Once the keytab has been issued, you can use it to generate a SciToken by calling htgettoken with some extra arguments specific to your robot:

htgettoken \
  -a vault.ligo.org \
  --audience https://gracedb.ligo.org \
  --scopes gracedb.read \
  --role <my-robot-name> \
  --credkey <my-robot-credkey>

Here the values for the --role and --credkey arguments will be given to when the robot keytab is issued.

The first use requires an interactive response

The first time a robot credential is used to generate a token will require an interactive user to complete the OAuth 2.0 workflow.
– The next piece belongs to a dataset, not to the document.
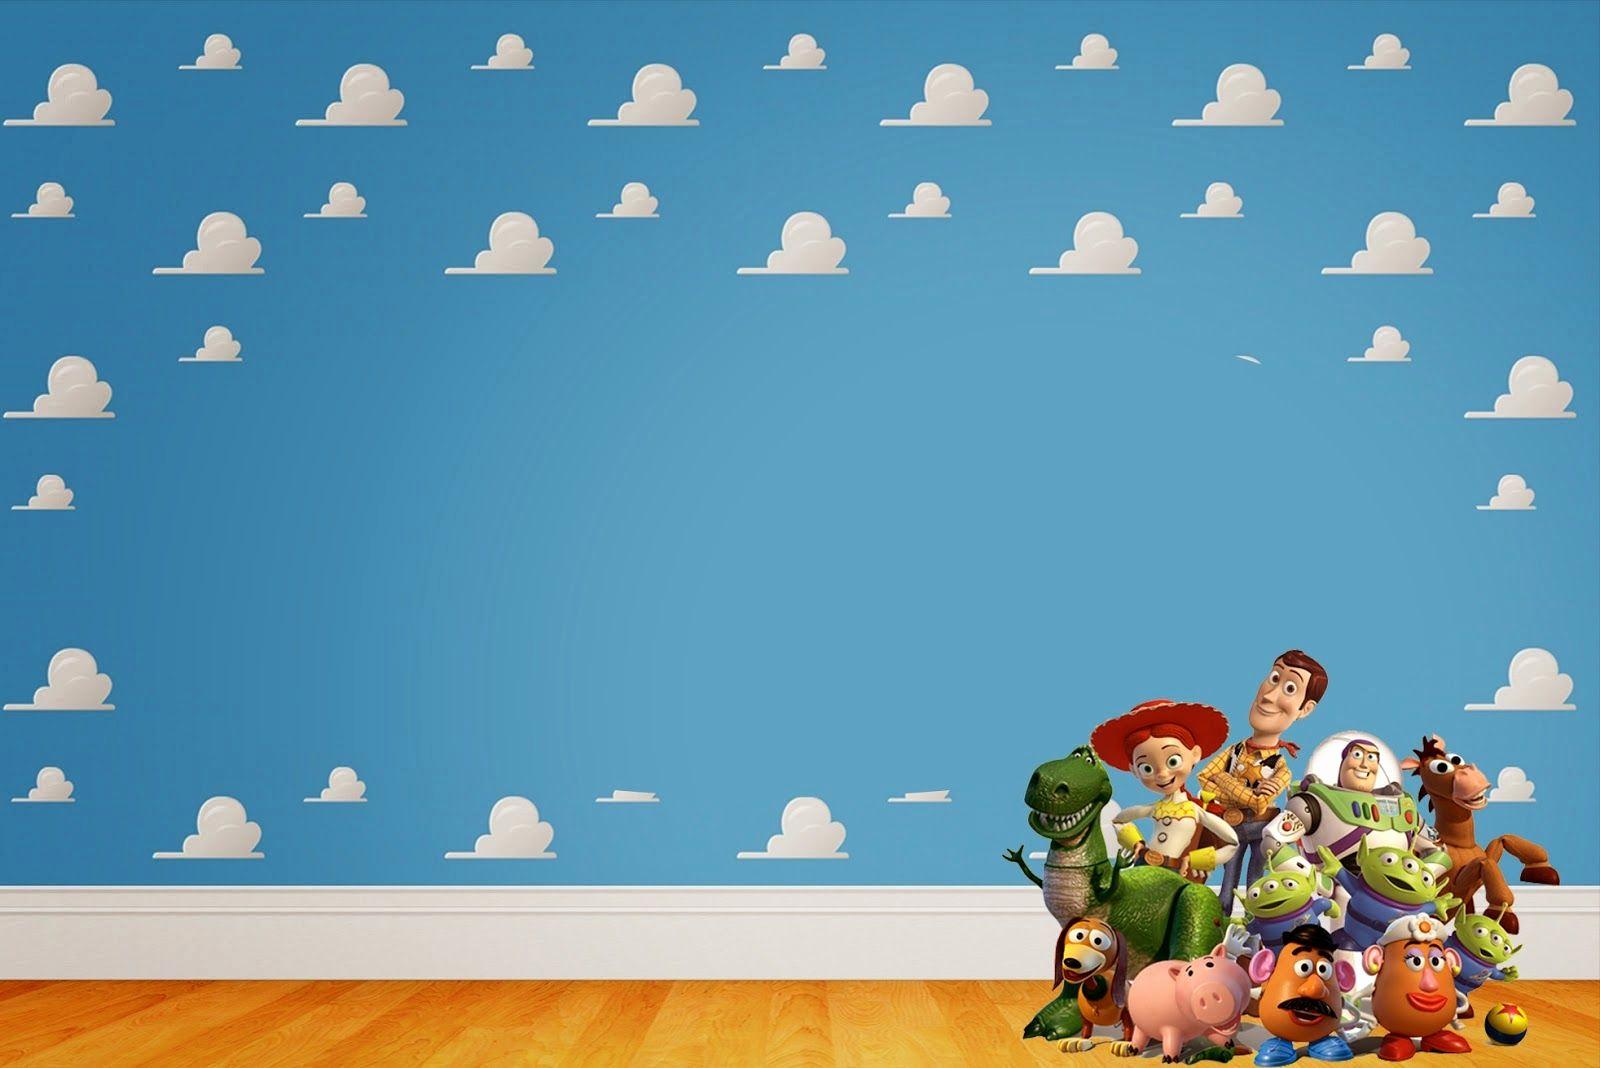 Toy Story Invitation Templates Free Fresh toy Story 3 Free Printable Invitations

This will generate a 'vault token' that is stored on the user machine that can be used (automatically) to get new/refreshed tokens without requiring the interactive OAuth workflow to be completed.
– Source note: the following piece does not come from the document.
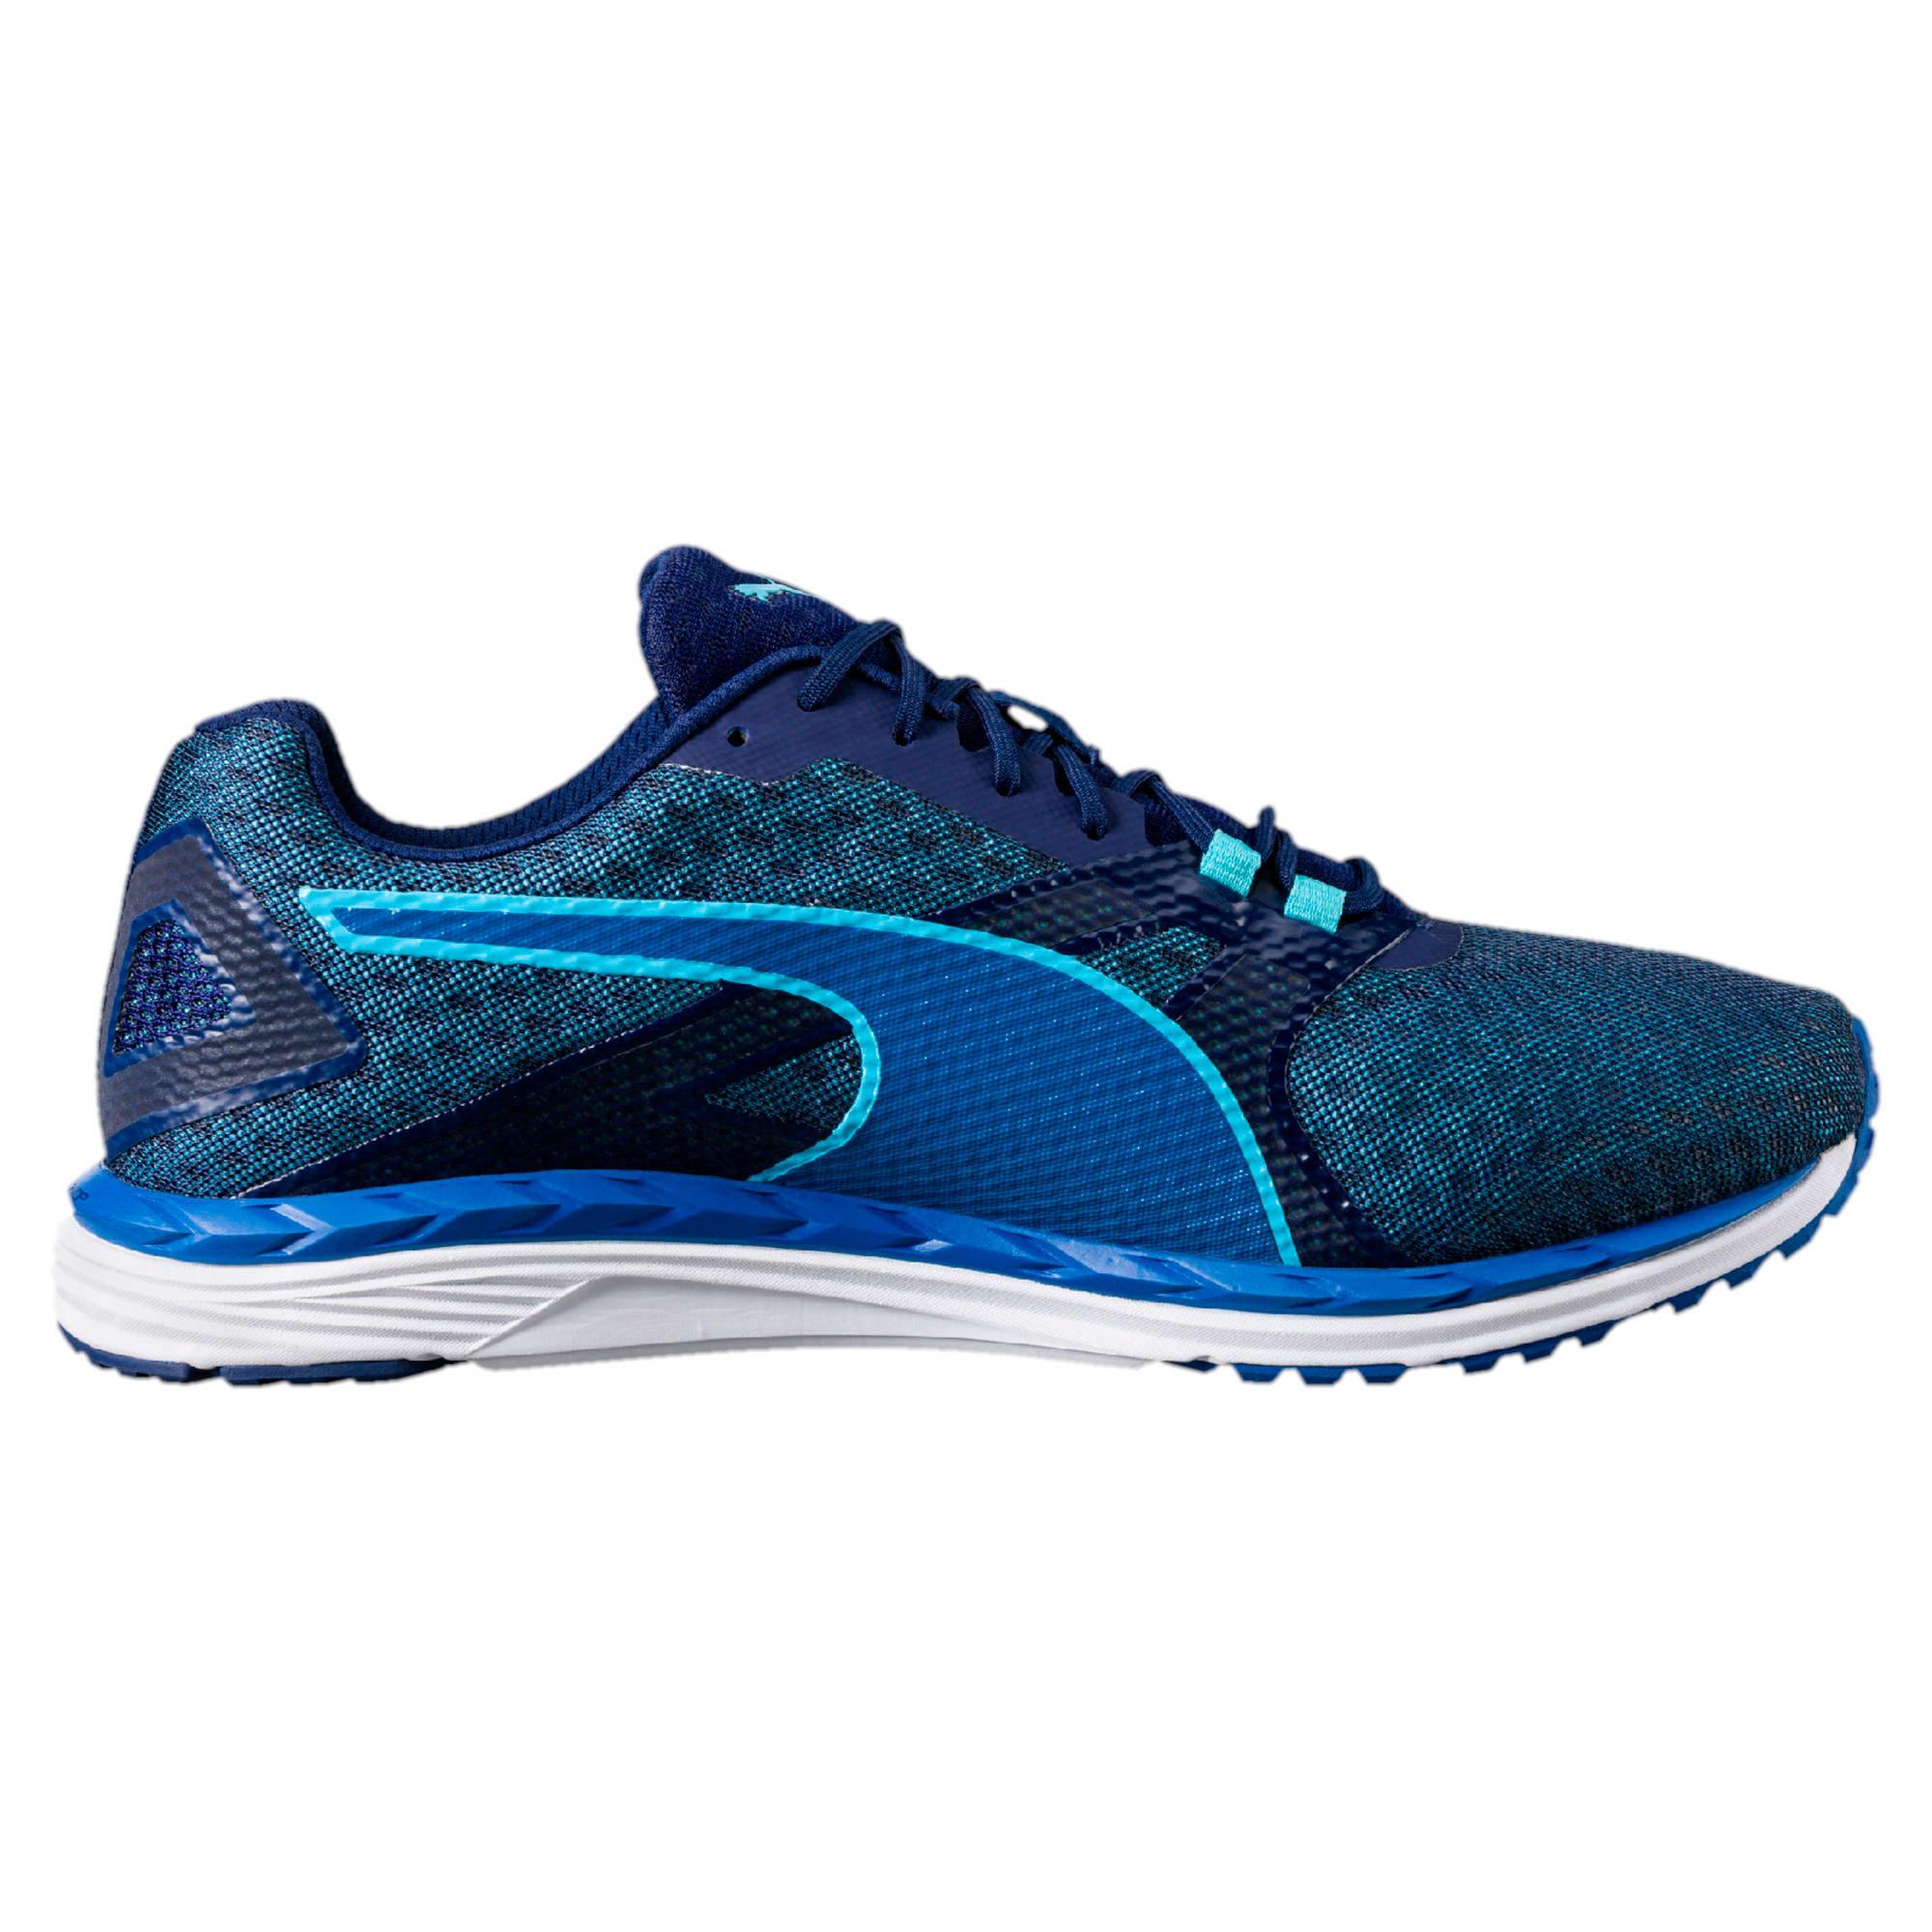 Thumbnail 5 of Speed 300 IGNITE 2 Men's Running Shoes, LapisBlue-BlueDepths-Turq, medium-IND

Setting default htgettoken options

To simplify the default operations for htgettoken, you can set the HTGETTOKENOPTS environment variable to encode the options you always give:

export HTGETTOKENOPTS="--vaultserver vault.ligo.org --issuer igwn"
setenv HTGETTOKENOPTS "--vaultserver vault.ligo.org --issuer igwn"
$Env:HTGETTOKENOPTS = "--vaultserver vault.ligo.org --issuer igwn"

Token-aware services

Proprietary IGWN data

Prorietary IGWN data are made available using the Open Science Data Federation with one 'origin' for each collaboration's h(t) data and one for shared derived/auxiliary data.

These data are then available over HTTP using the OSDF Client or via CVMFS.

IGWN members can access these data using authorisation tokens with the appropriate scope according to which collaboration's data are being accessed:

Collaboration OSDF path CVMFS repository SciToken scope
Legacy /user/ligo /cvmfs/ligo.osgstorage.org
/cvmfs/oasis.opensciencegrid.org/ligo
read:/frames
KAGRA /igwn/kagra /cvmfs/kagra.storage.igwn.org read:/kagra
LIGO /igwn/ligo /cvmfs/ligo.storage.igwn.org read:/ligo
Virgo /igwn/virgo /cvmfs/virgo.storage.igwn.org read:/virgo
IGWN /igwn/shared /cvmfs/shared.storage.igwn.org read:/shared

OSDF and CVMFS require ANY

Because of the distributed nature of the OSDF and CVMFS system, the special Audience value of ANY should be used when authorising with these services.

DQSegDB

DQSegDB accepts the following claims:

Scope Purpose
dqsegdb.read Authorise the bearer for DQSegDB read access

All DQSegDB servers expect https://segments.ligo.org as the audience

All DQSegDB instances require incoming tokens to declare the aud (audience) claim as https://segments.ligo.org, and not the fully-qualified URL of the actual instance.

GraceDB

GraceDB understands the following token scopes:

Scope Purpose
gracedb.read Authorise the bearer for GraceDB access

The gracedb.read scope is used as a proxy for an identification token - GraceDB uses its own internal authorisation system to assign capabilities to the subject (owner) of the token.

GWDataFind

GWDataFind accepts the following tokens:

Scope Purpose
gwdatafind.read Retrieve information from a GWDataFind server

Using tokens

Interactive use

For all interactive usage, tokens should be generated using htgettoken.

Once a token has been generated, the client tools for most token-aware services (including all of those listed above) will be able to automatically discover it by following the WLCG Bearer Token Discovery specification.

Using a token with the GWDataFind client

htgettoken --audience https://datafind.igwn.org --scope gwdatafind.read
python3 -m gwdatafind -r datafind.igwn.org -o H -t H1_HOFT_C00 --latest

HTCondor

For details on using SciTokens with HTCondor workflows, please see Using IGWN credentials with HTCondor.